The principles of fair and equal competition drive many aspects of procurement law and policy. These principles are evident in the FAR’s requirement that when an agency engages in discussions with offerors, the agency cannot “engage in conduct that [f]avors one offeror over another.” Discussions often occur as part of the procurement process, and can be beneficial to the agency and offerors. However, discussions have their drawbacks. If an unsuccessful offeror believes that other offerors were given better direction or provided with more information, discussions can provide the basis for a protest based on purportedly unequal discussions.
At first glance, the rule that discussions between the Government and offerors must be equal and not favor one offeror over another seems clear. However, application of the rule can be complicated because agencies are not required to conduct identical discussions with offerors, and because discussions must be tailored to offerors’ different proposals. As such, when GAO or the CFC is faced with a protest alleging unequal discussions, it is not a simple matter of determining how many questions were asked, how long discussions were conducted, or the type and number of issues that were addressed. Instead, the question is whether the agency’s questions or statements made during discussions gave an offeror an unfair advantage.
In some instances, determining whether an offeror had an unfair advantaged requires a nuanced analysis. For example, in Sytronics, Inc., the agency told Sytronics that its proposed price “appears high” and told Jenkins Electric Company that its proposed price “appears excessive.” When the offerors submitted their final proposals, Sytronics lowered its price by 4% and Jenkins lowered its price by 8%. Although the agency stated that it did not intend to favor one offeror over another, and the use of different adjectives was inadvertent, GAO sustained the protest. GAO reasoned that an offeror would reasonably view the word “excessive” as sending a stronger message than “high,” and that distinction was illustrated by Jenkins’ larger price adjustment.
Other questions of unfair competitive advantage are more clear-cut. In Zodiac of North America, the protester argued that an agency engaged in unequal discussions when it provided the awardee with multiple rounds of discussion questions and engaged in only one round of discussions with the disappointed offeror. The agency was evaluating the technical proposals on a pass/fail basis, and the agency’s concerns with the protester’s proposal were resolved after one round of discussions. GAO denied the protest, reasoning that there was nothing wrong with an agency conducting multiple rounds of discussions to resolve significant weaknesses or deficiencies. When the protester’s proposal was deemed technically acceptable, it could not improve its proposal. Holding additional discussions with offerors whose proposals were not yet deemed technically acceptable did not disadvantage the protester.
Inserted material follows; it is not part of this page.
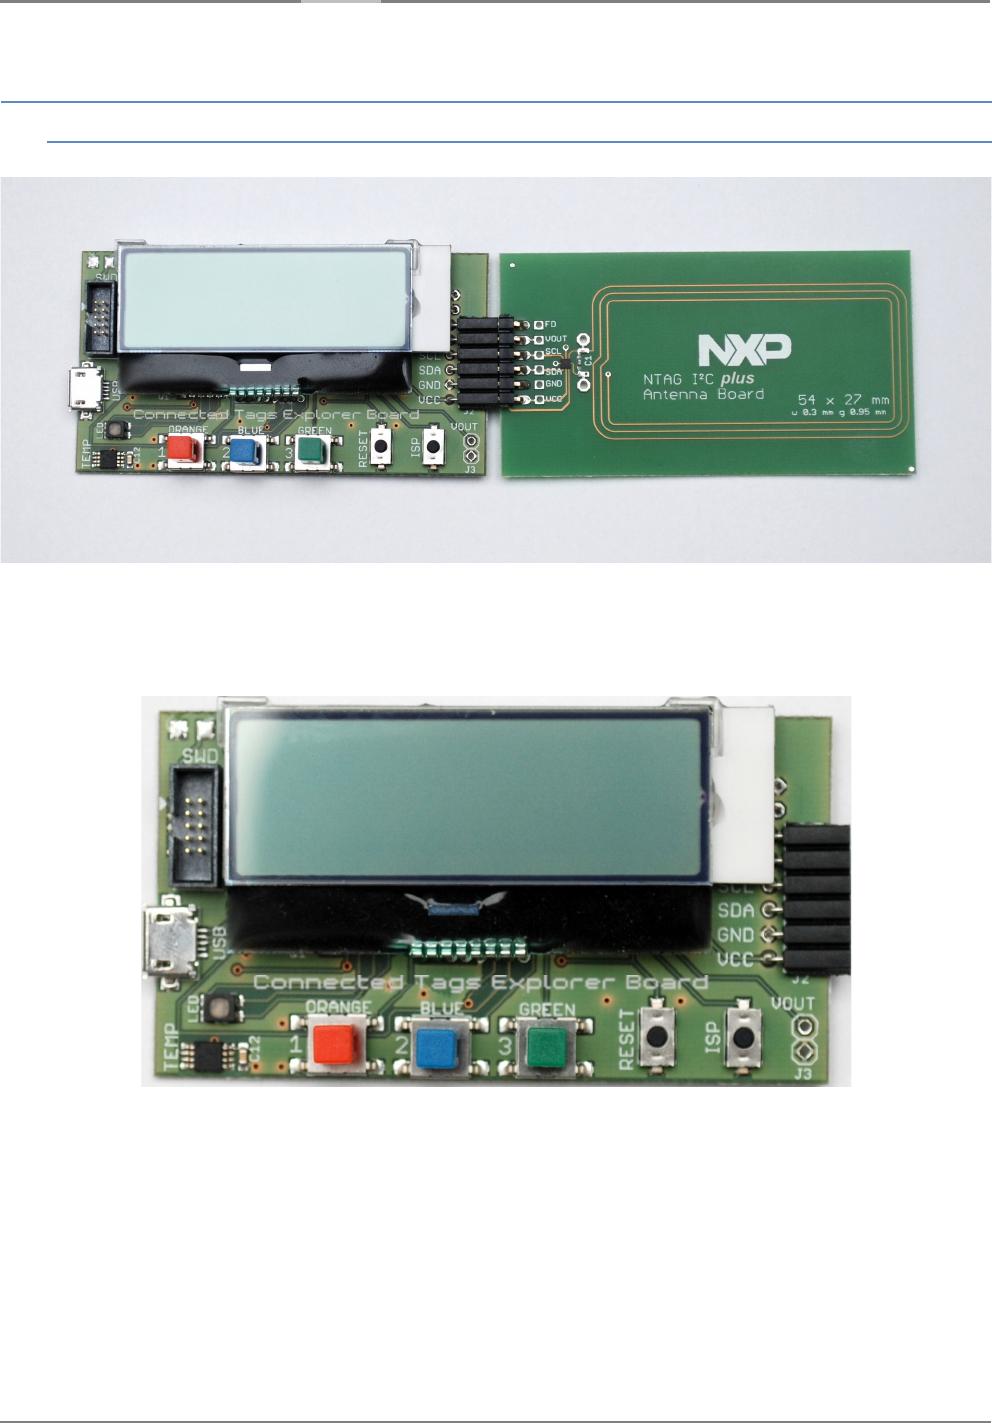 NXP Austria OM5569-NT322E NTAG I2C plus Explorer Kit User

The fact that discussions are tailored to an offeror’s proposal can result in an unequal discussions protest, but protesters pursuing such arguments can have a difficult time. For instance, in Apptis Inc., the agency engaged in discussions with the awardee about its technical proposal, past performance, and price proposal, but the Government’s questions to the protester were limited to concerns about its price proposal. To someone unfamiliar with government contracts law, this apparent disparity appears to be unfair. However, the agency did not identify any significant weaknesses in the protester’s technical proposal or its past performance record. In addition, although the agency identified weaknesses and significant weaknesses in the awardee’s technical proposal, it only discussed the significant weaknesses. Because an agency is not required to provide offerors with all-encompassing discussions, and because the agency did not discuss non-significant weaknesses with either offeror, there was no unequal treatment and no basis to sustain the protest.
In one of the leading unequal discussions cases at the CFC, Gentex Corp. v. U.S., the court sustained a protest in which the agency provided the offerors with differing information concerning its technical requirements. The protested contract called for the development of aircrew masks to provide protection in chemical or biological warfare environments. In an email, the agency provided both offerors with information about the requirements for the batteries in the masks (e.g. wear hours, percentage of cold weather operations, etc.). Then, during discussions, the agency advised only one offeror (the awardee) that is proposal was unaffordable and asked whether it considered alternative or rechargeable batteries, or had conducted any cost as an independent variable (CAIV) studies. But the Agency did not provide any comparable information to the protester—and denied the protester’s request for exceptions to the requirements.
Gentex argued that the agency conducted unequal discussions, and the CFC agreed. The court explained: “The lack of clarity in the RFP, the discussions which suggested that [the awardee], but not Gentex, consider a CAIV tradeoff in connection with batteries, and the Air Force’s failure to correct Gentex’s differing understanding of the evaluation scheme of the RFP combined to render this procurement unfair.” The court found a clear violation of FAR 15.306.
One difficult aspect of unequal discussions issues is that in most cases, the issues can only be understood by bid protest counsel examining an administrative record released under a protective order (PO), and the issues usually cannot be discussed in any detail with the client (as doing so would be inconsistent with the PO).
When considering pursuing a protest, contractors should be mindful of an agency’s obligation to conduct equal discussions. It is important to remember that the number of questions raised or issues addressed is not decisive regarding whether discussions were unequal. Instead, contractors must consider the substance of the discussions—and whether they have any basis to believe the agency provided another offeror with an unfair advantage.